Task description | The reply is to contain the full listing, repeated exactly, with pictures left out.

Given information |
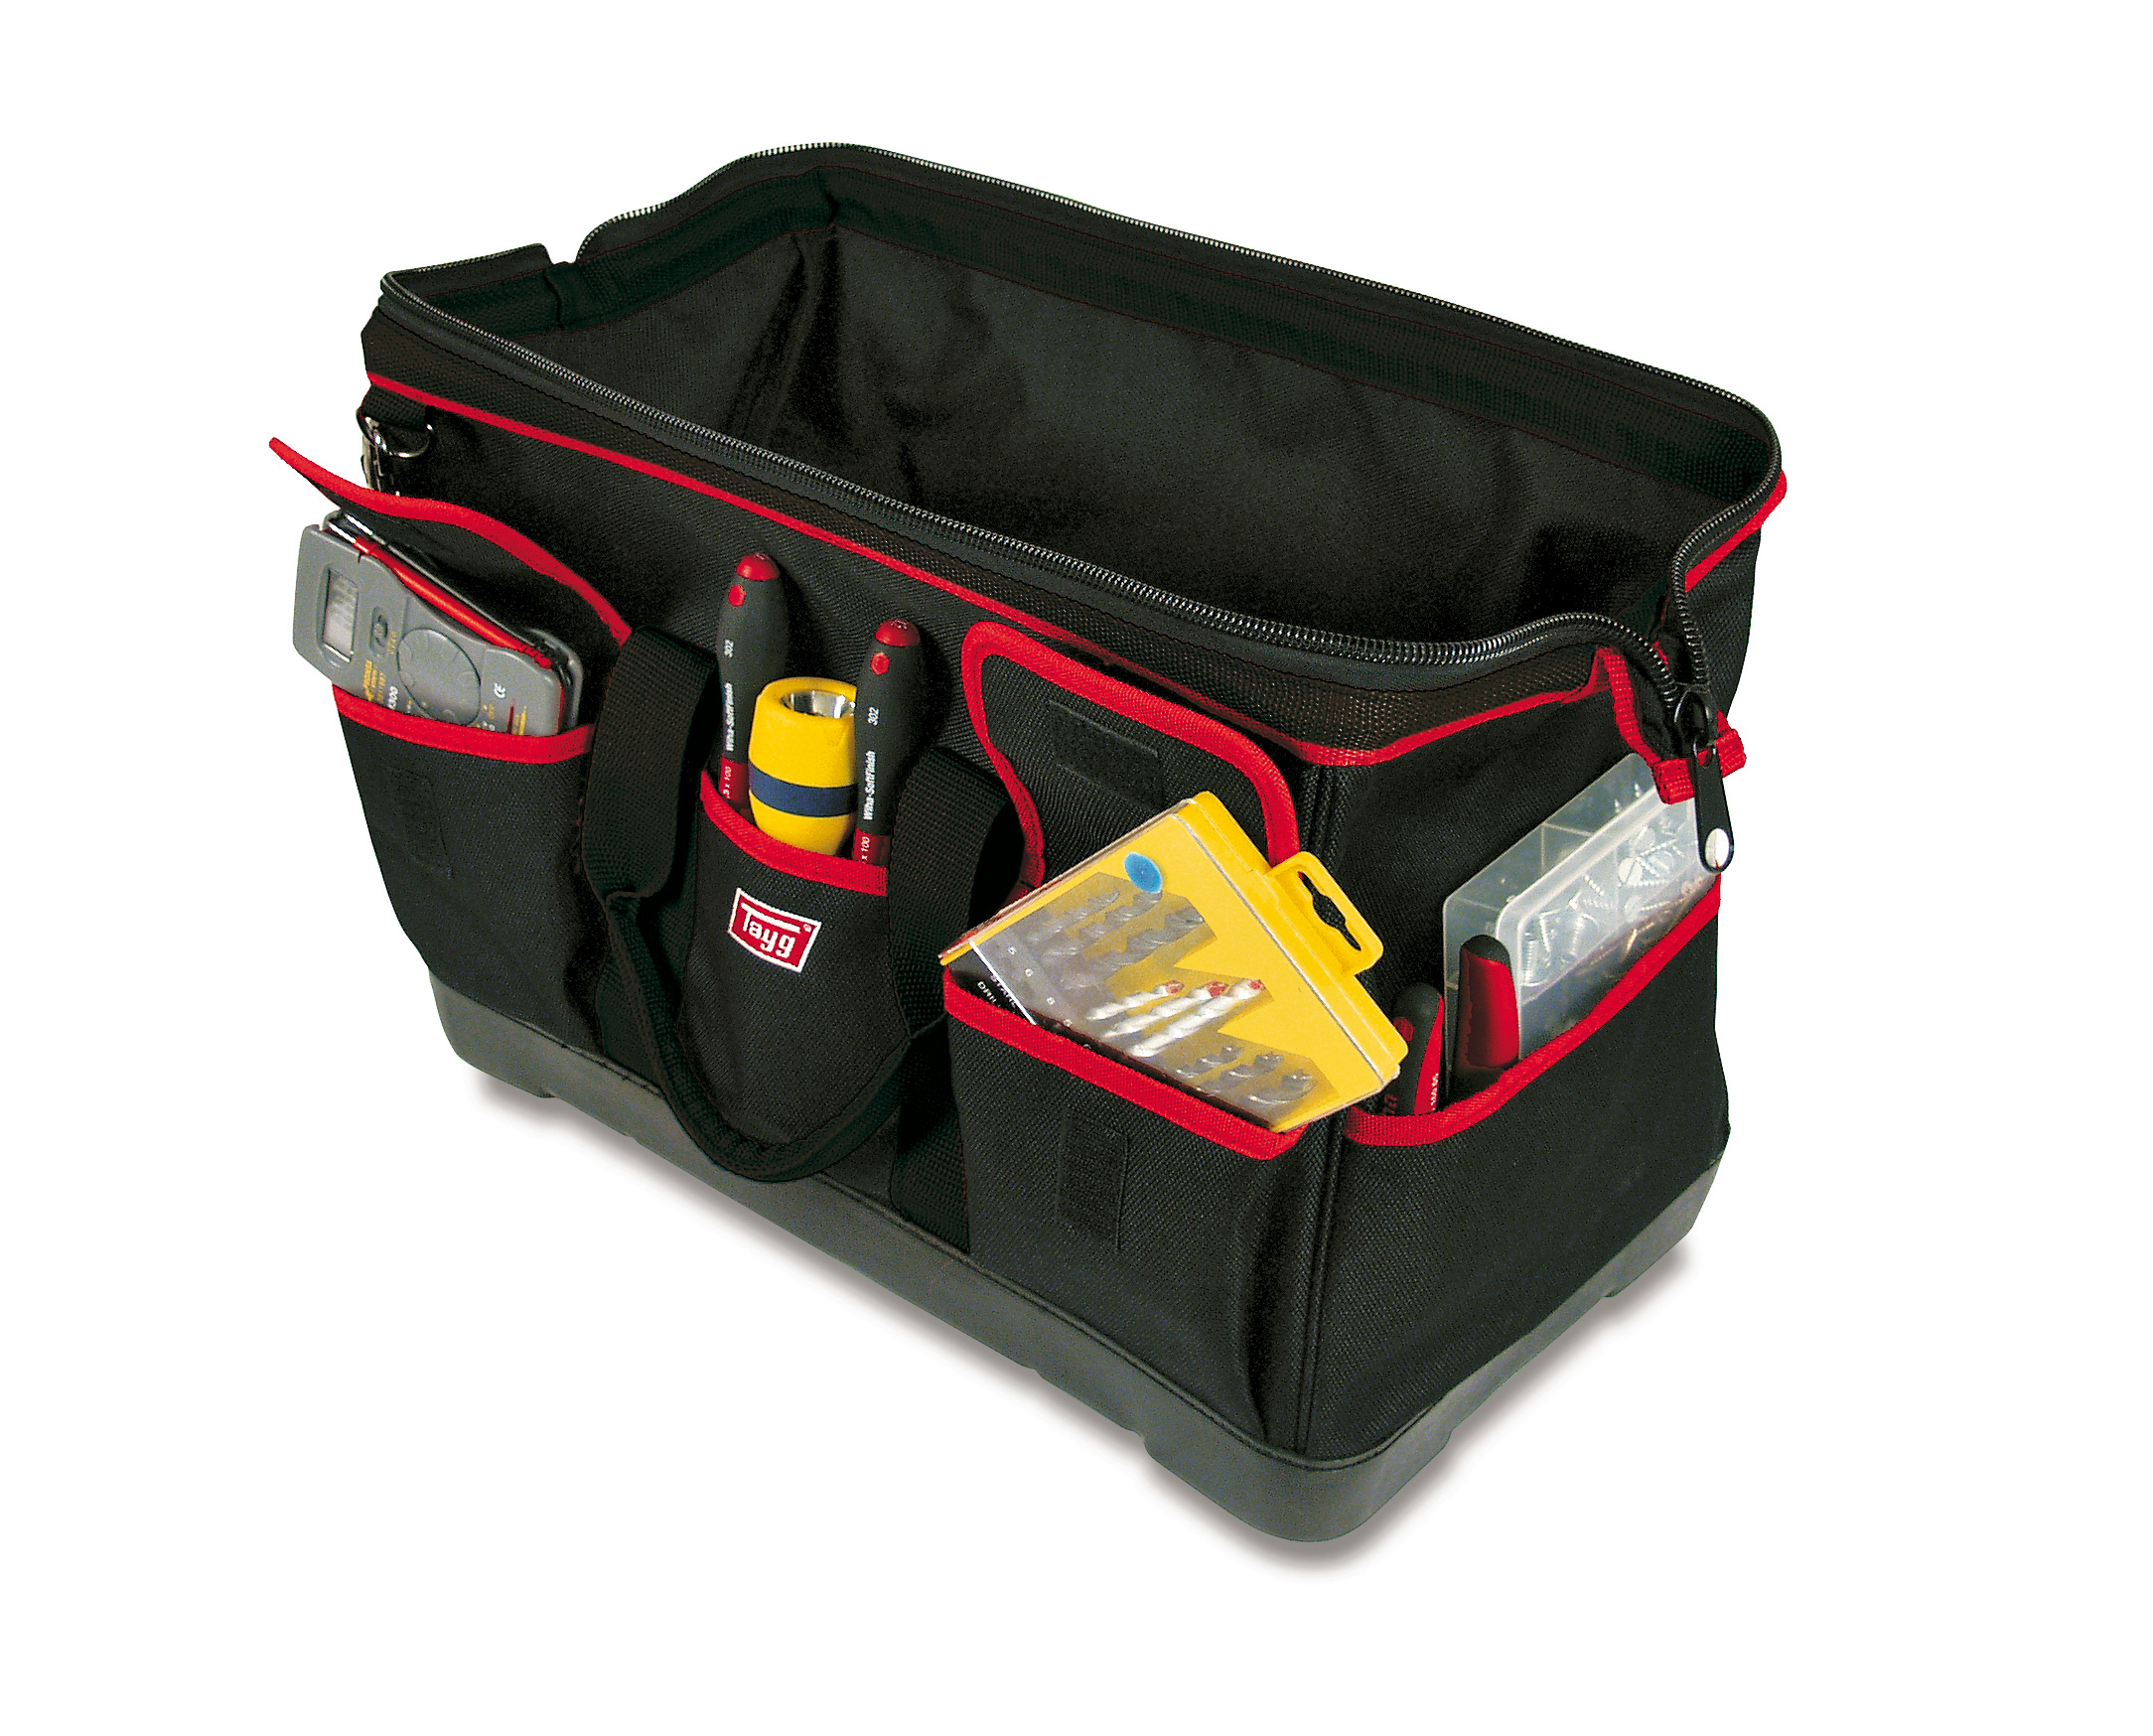 Bolsas de herramientas mod. BN-3
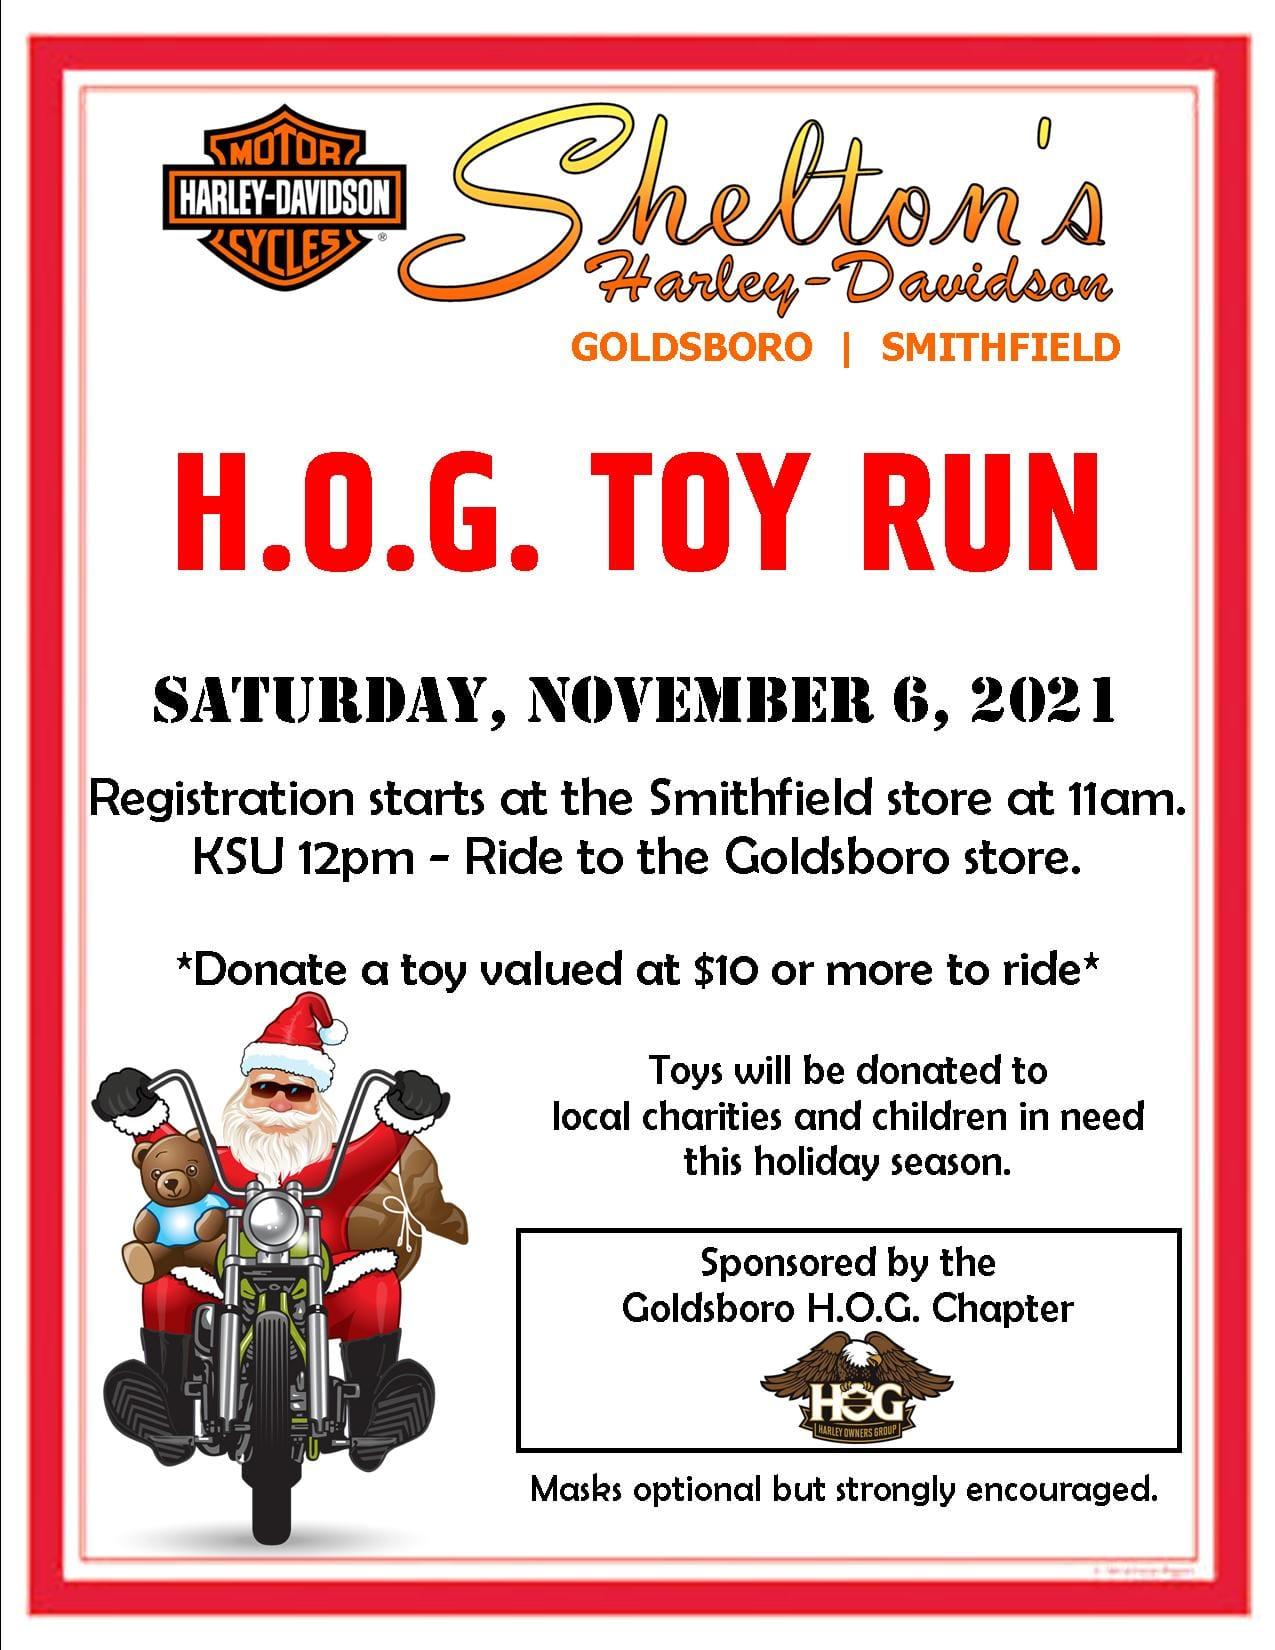 Goldsboro H.O.G. Chapter Toy Run
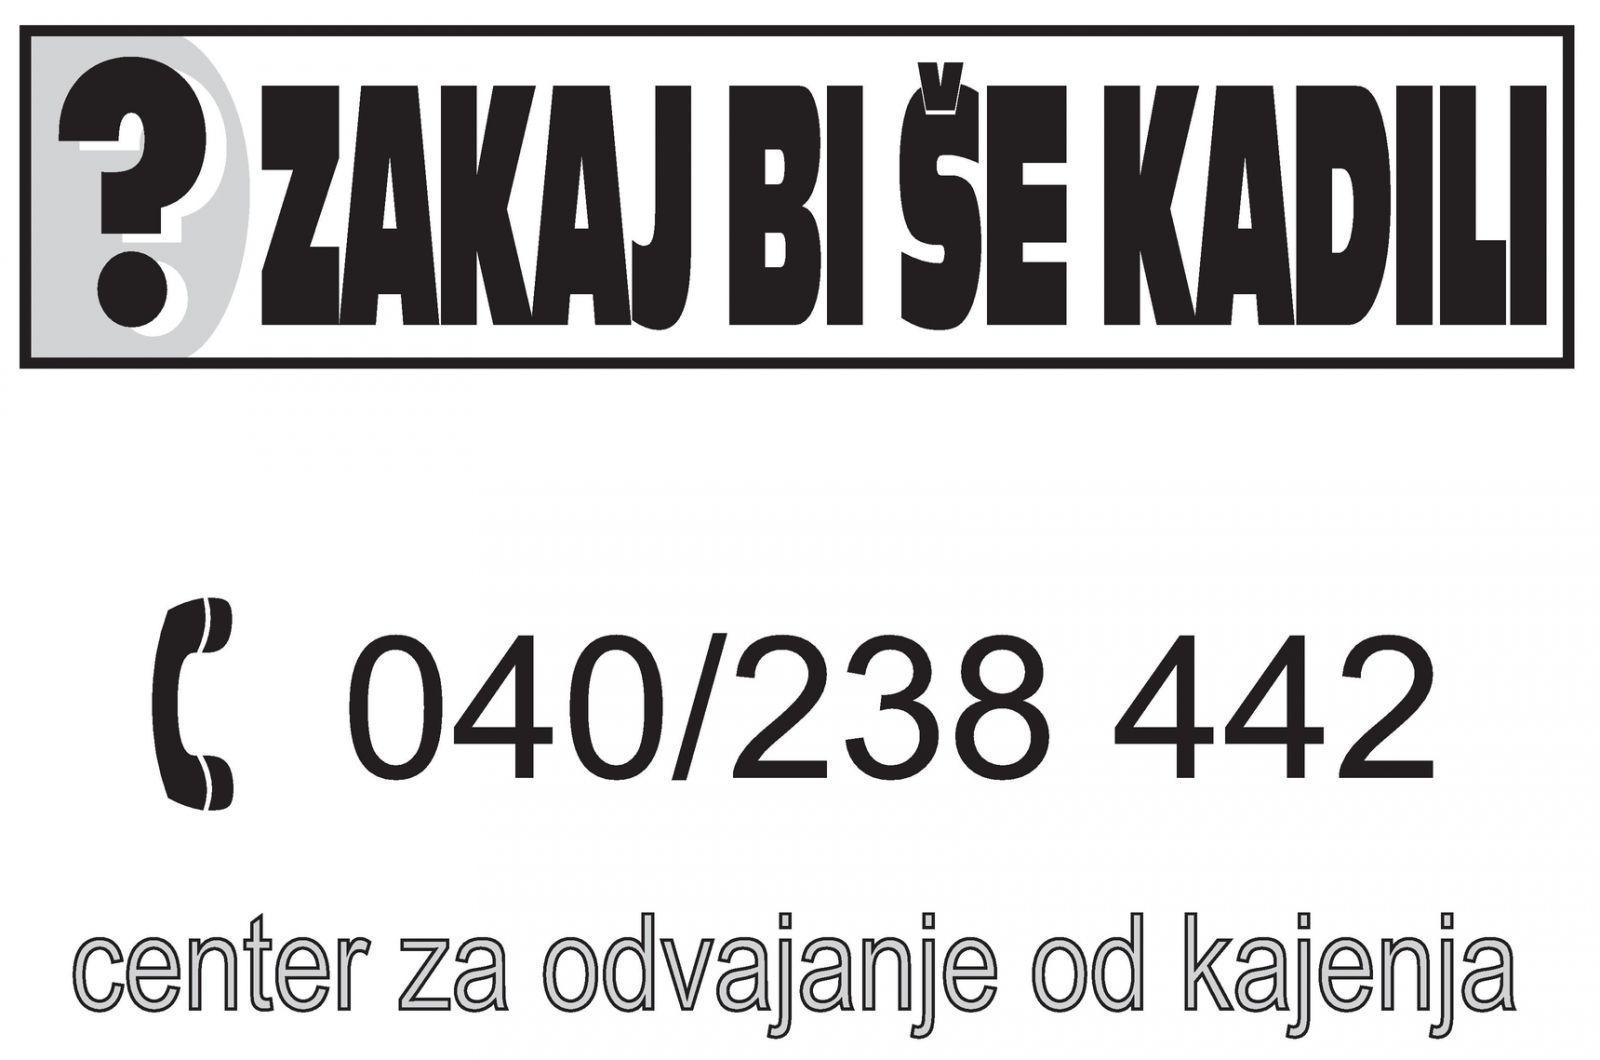 Odvajanje od cigaret, kako prenehati kaditi, Center za odvajanje od kajenja, Ljubljana, Maribor 001

Exercise output |
 Bolsas de herramientas mod. BN-3
 Goldsboro H.O.G. Chapter Toy Run
 Odvajanje od cigaret, kako prenehati kaditi, Center za odvajanje od kajenja, Ljubljana, Maribor 001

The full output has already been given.